The braking system on the CTS, consisting of four large-diameter discs, a power booster, and ABS hardware and software, was also developed on the Nurburgring circuit. The average driver on an average drive will never know it, but the braking system on this car is capable of an incredibly high number of full-force stops just short of ABS activation without any sign of brake fade, no hint of hot, smelly linings, or uneven pulling from side to side.
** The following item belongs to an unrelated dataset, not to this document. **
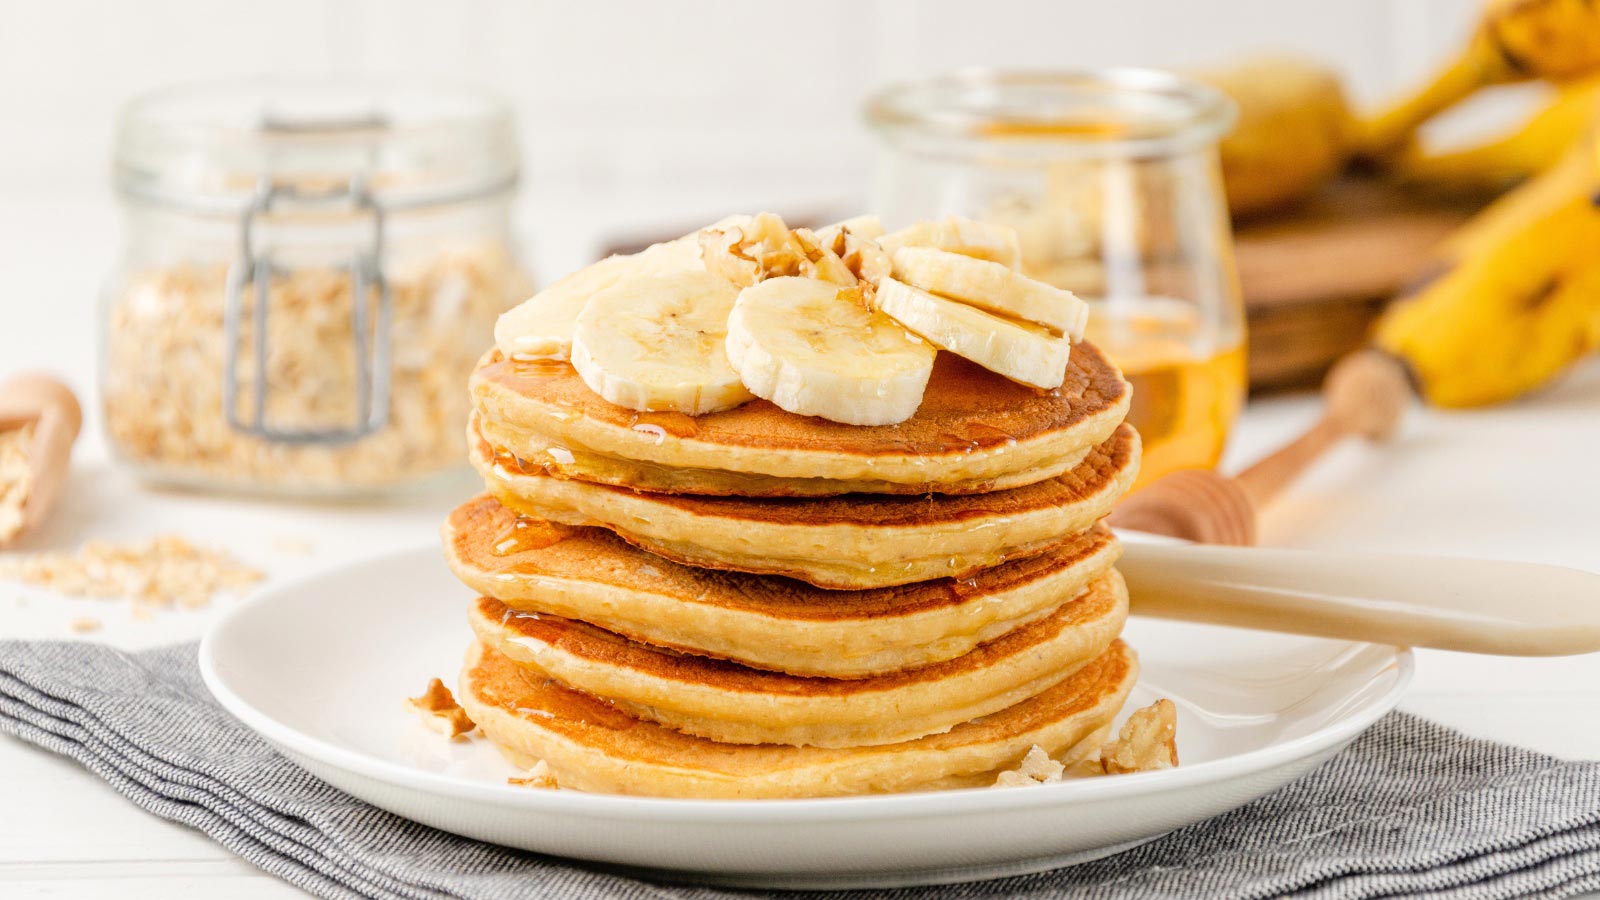 A stack of banana pancakes with slices of fresh bananas, walnuts and honey on top with cup of tea on a white wooden background. A healthy breakfast.

The 3.2-liter V6 engine is an enlarged version of the 3.0-liter V6 that powered the German Opel-based Catera. However, the engine has been fully revised to improve driveability, power and emissions, and is represents a vast improvement. It is the world's only 54-degree V6 engine design (most are either 60 or 90 degrees). The CTS V6 is smooth and quiet, and responsive in traffic. However, with only 220 horsepower on tap, not reachable until 6000 rpm, and 218 foot-pounds of torque available at best, it will not thrill any driver who has had previous experience in a German or Japanese V6 of the same displacement. The CTS is not slow by any means, but neither is it quick. Driving this engine in a manual-transmission model, we found we had to downshift not once but twice to keep the engine in the powerband, and in the automatic, we either kicked the transmission down by hand or foot quite a lot when driving in the mountains of southern California. (The slick new 5L40-E automatic transmission is also used by BMW in the 5 Series and X5 sport utility). Cadillac says more power is a high priority for future models.


2003 Cadillac CTS Luxury Car Line Up


Cadillac CTS is a five-passenger, four-door sports sedan powered by a 3.2-liter dohc V6 engine. For the first time ever in a GM car, it comes with a choice of either a five-speed manual or a five-speed automatic overdrive transmission.

Three variants of the CTS are available. The base CTS starts at just $29,990, which includes the $640 destination charge. (Everyone should include destination charges in their pricing.)

Two big packages are available for the CTS. The CTS Luxury Package ($2,000) includes an eight-way power adjustable passenger seat, audible theft deterrent system, Zebrano wood trim, memory package, rear-view mirror compass, and a three-channel programmable garage door opener with electronic voice recorder.

The CTS Luxury Sport Package ($3,500) includes all of those features plus the Stabilitrak 2.0 chassis control system, sport-tuned suspension, high-performance brake linings, load-leveling rear suspension, speed-sensitive power steering, and 17-inch polished wheels with V-rated tires.

Other options on our test car included the five-speed electronic automatic transmission, a Bose premium sound system with cassette/six-disc CD changer and CD-ROM-based navigation, 16-inch wheels, an engine block heater, heated front seats, express-open sunroof, xenon high-intensity discharge headlamps and a split-folding rear seat: The entire enchilada, the most expensive CTS you can buy, and it retailed for $39,690.

Whether buyers will opt for the five-speed manual transmission for truly sporty driving remains to be seen. But it is notable that Cadillac went to the trouble of developing the manual gearbox with German supplier Getrag. It says clearly that Cadillac sees the CTS as a sports sedan. It's a good transmission, whether anyone buys it or not.